Holy God, how big is that thing?

He ought to have it on a leash or something."

Joe continued with the next verse.

"You're probably wondering why I'm naked.

Which isn't really weird at all

Cause, how many times have you seen me naked?

How many times have you seen my balls?

Not very often, as I recall.

So why are you . . . seeing them at all?"

Kurt came in again with the chorus, this time meeting the gaze of the couple with wide, wild eyes.

"Why are you staring at his balls?

We don't really know at alls!

But we like to sing about balls.

Ballsy-balls, ballsy ballsy balls!"

Another person had joined the audience as Kurt busted out a solo jam. Staying true to his inherent talents, Joe never actually plucked or strummed at the guitar covering his nether bits, although he did gesture and gyrate emphatically as Kurt riffed. When Kurt finished the legitimately interesting part of their song, Joe got back to belting.

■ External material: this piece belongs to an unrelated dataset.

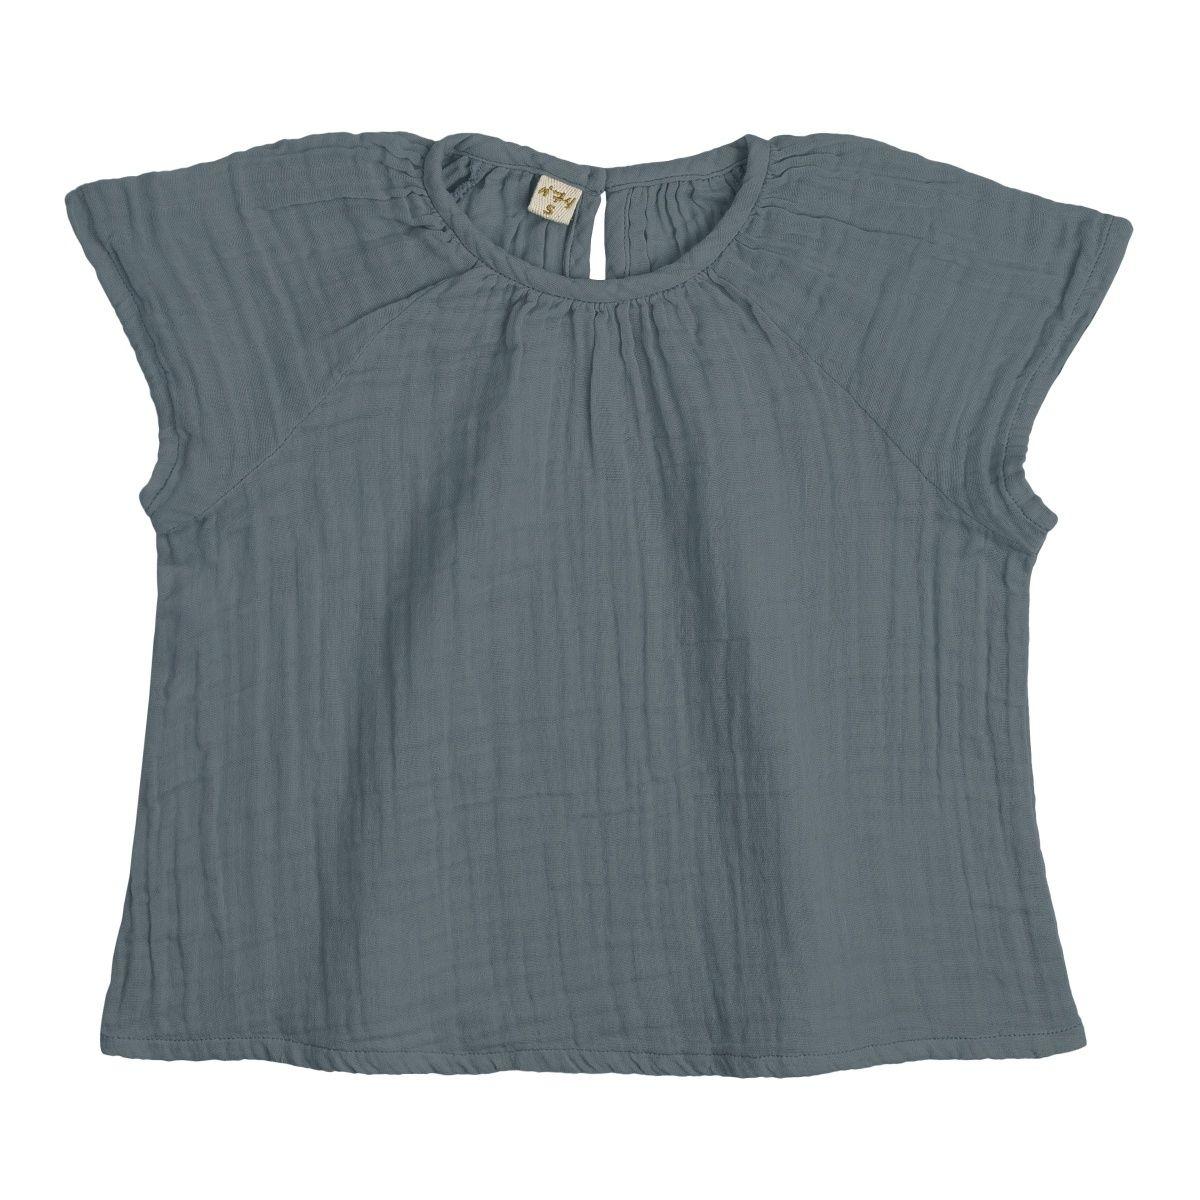 Bluzka dziecięca Clara szaroniebieska - Numero 74

"Hey guess what? I am still naked.

Naked as the day I was born.

I'm sure you're tired of hearing bout my balls,

and how big they actually are.

So I'm gonna end this song;

I'm gonna end it righ—hight . . . now."

The music stopped abruptly and Kurt flipped a hat forward to collect tips. The small audience took a collective step back from the nude man's innocent advance before quickly dispersing.

"Put some clothes on, assholes."

"You guys suck," another anonymous coward mumbled just loud enough to be heard.

"Jackass!" Joe spat in retort. He backhanded Kurt's shoulder. "These people have no appreciation for art, man."